1. Correlated Color Temperature
Correlated color temperature or CCT for short, is measured in degrees Kelvin, with the temperature rating indicating the tone of light that is being emitted. 2000K is a warm white orange yellow in colour as the temperature increase it will change from a cool white to a blue-white.
Originally, LED manufacturers produced more ‘bluer’ lighting over 6000K and named it as ‘white’ as it was the most commercially viable. As a result, manufacturers have often called lighting at 4000K warm white. As there is a variety of interpretations of colours it is important for people interested in buying LED lighting to know what kind of tone of light and the amount of Kelvins they need in order to suit their needs.
For example, if you are interested in having a warm white light around 2000K it would give a warm and cosy feeling. If you are interested in buying lighting for a restaurant, then this type of lighting might be appropriate. However, if you are looking for lighting in another space, such as LED warehouse lighting, you would probably want to use a much cooler colour such as 4000-5000K, as this is lighting is nearer to the colour of daylight and it is often perceived to feel more productive and more business appropriate.
Another aspect you should consider when buying LED lighting is the efficiency of the light. Between 2012 and 2014 LED efficiency has increased significantly, from around 60 lumens per watt to nearly 100. The increase in efficiency will only get bigger as many predict that it may hit 150 lumens per watt by 2020. Compared to the traditional incandescent lights with only 13 – 18 lumens per watt, LED lighting is clearly more efficient.
With this increase in efficiency, there is higher competition which means prices are lowering. Make sure you check to see what prices are around.
3. Uniformity and Glare
The Uniformity of lighting refers to the contrast of lighting levels in adjacent areas, which is measured as the ratio of the ratio of the highest light level to the lowest light level. A uniformity ratio of 4:1 or lower is recommended for parking lots and walkways.
Glare is a very high level that impacts the eyes or a camera image sensor and can ‘blind’ a person or camera to any surrounding activity. If you are choosing LED lighting it is important not to have a large amount of glare, otherwise, this can have a negative effect on employees and visitors. Essentially, the lower the UGR the less “glare” and that means better conditions for the human eye.
The majority of LED industrial lighting is 50,000 hours with more commercial LED lighting is around 30000 hours. This doesn’t mean that the lights will stop working at this point, it just meant that after this time the light will have reduced by 30% and will no longer be fit for purpose.
Furthermore, there are various other factors that can impact on the life expectancy of the lighting. for example:
A heatsink can be any material that can conduct heat away from the LED. Most metals are excellent conductors of heat and therefore many LED manufacturers suggest that mounting materials containing metal frames, fasteners, and connectors be used.
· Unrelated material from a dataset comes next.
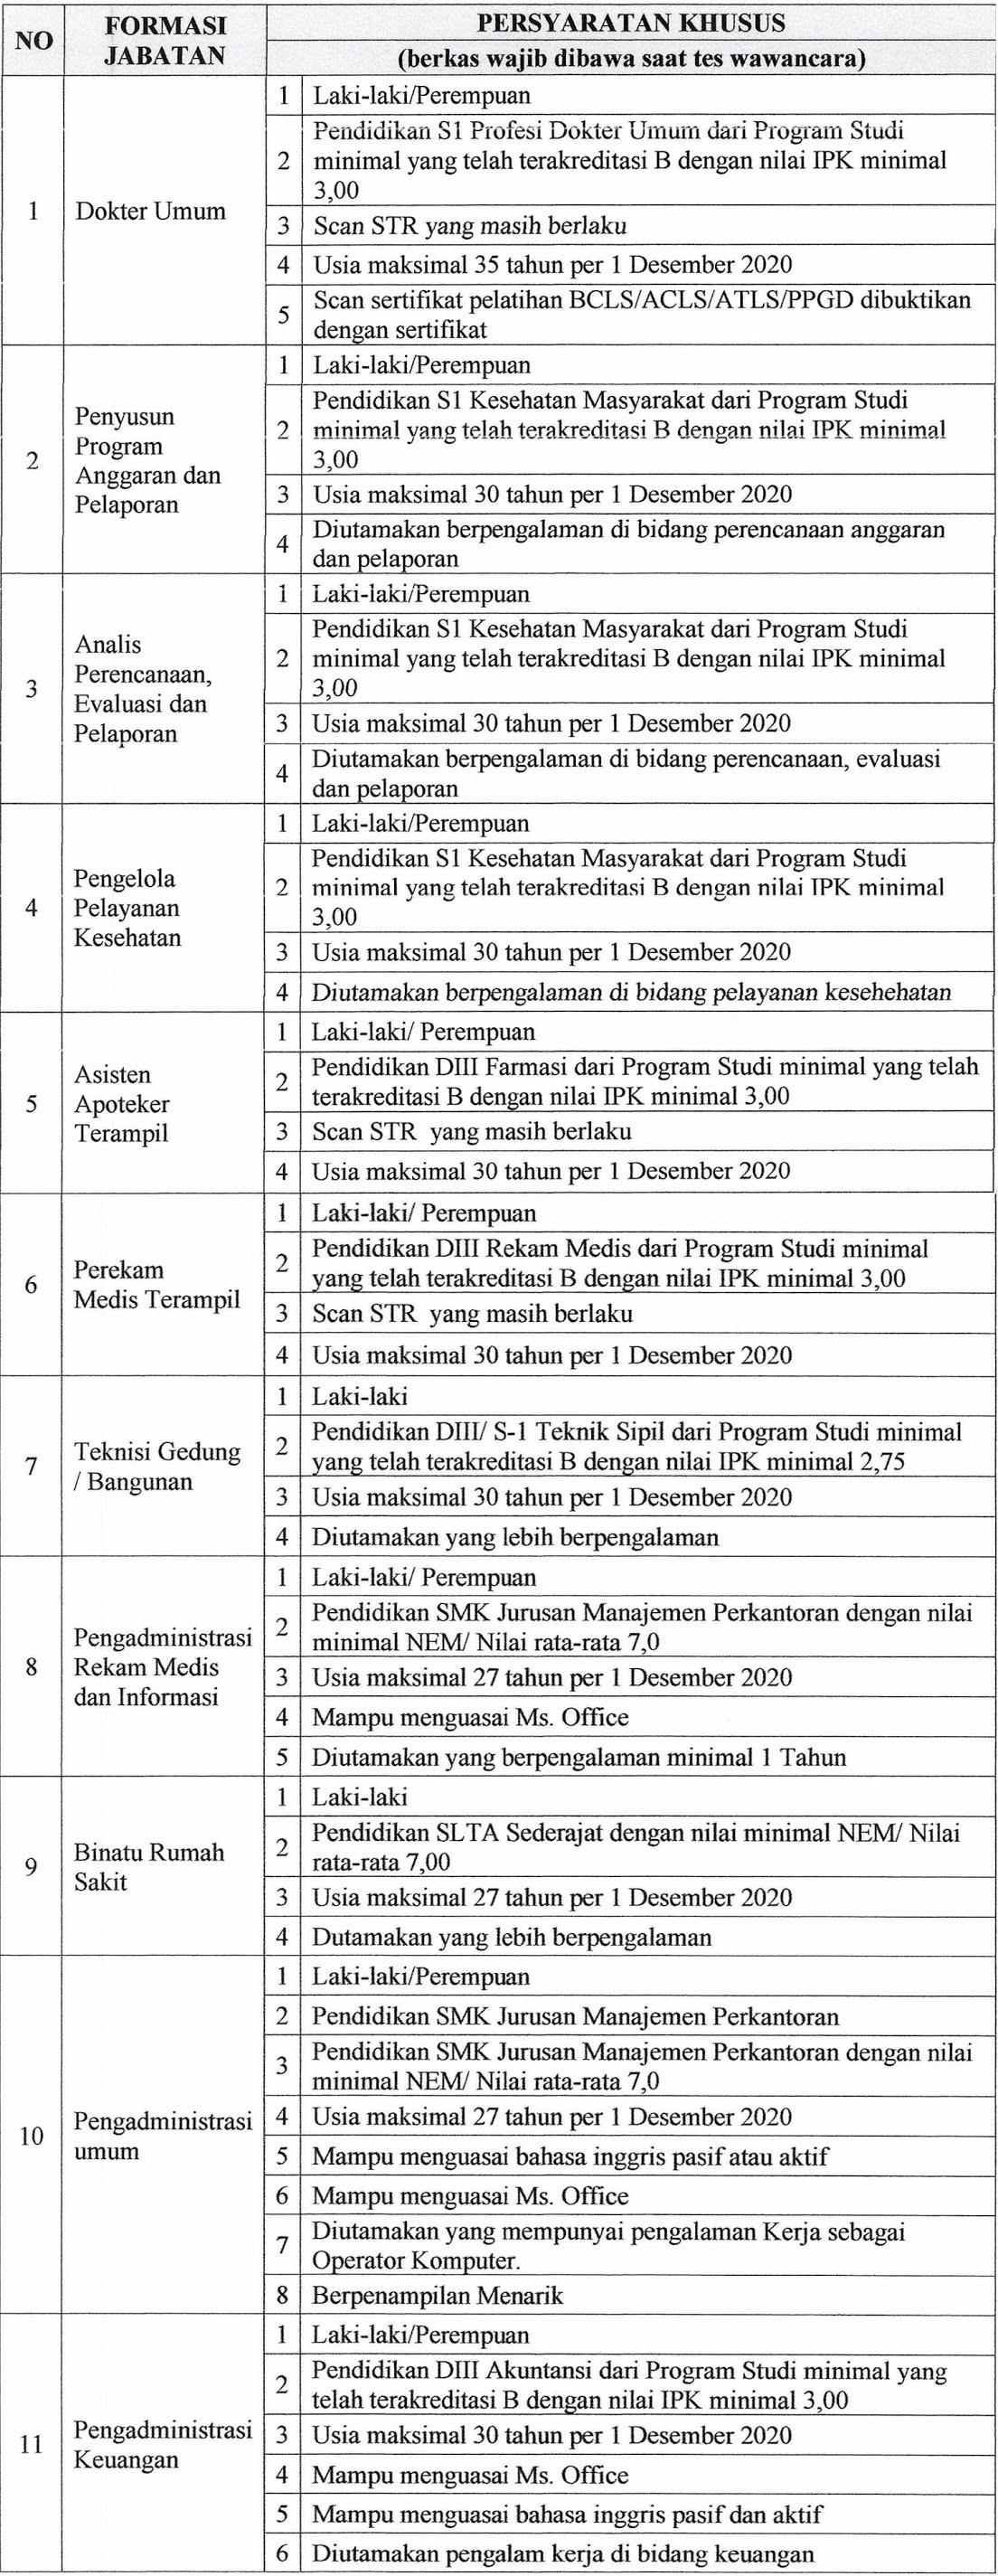 seleksi penerimaan Pegawai Tidak Tetap BLUD Non PNS RSMM Jawa Timur

Yet, some lighting designs do not have have the correct amount of surface area, and can not take into consideration the gaps between fins to enable air flow.
With horizontal fins, positioned vertically, can mean that the heat rises which as a result the heat is not dispersed away from the luminaire but heats them up even more.
Capacitors are part of the circuit in every LED driver. The standard electronic capacitors are generally made from plastic with an average lifetime of around 1 year. However, now a number of companies are making their capacitors from ceramics, giving them a much longer life expectancy. This is something to consider when making your purchase.
Also, depending on the climate of your company can affect the life expectancy of your LED lighting, as the heat around them can easily exceed the amount they were designed to withstand, therefore decreasing their lifetime. Note that the same issue can occur when lighting is used in an enclosed space.
Warranties tend to make people think that they have a high protection when purchasing LED lighting. However, this is not always the case as people often don’t read the terms and conditions. In addition, if companies are providing 10-year guarantees they must have a lot of reserves on their financial balance sheets which means they can be tempted to reduce costs by using lower quality components and less costly manufacturing methods.
They may also increase the price of the products in order to offset the warranties impact on their finances. Therefore, if there are longer warranties it does not always necessarily mean that there is an increase in security.
We hope this has been informative for you if you are deciding to make the switch to LED lighting.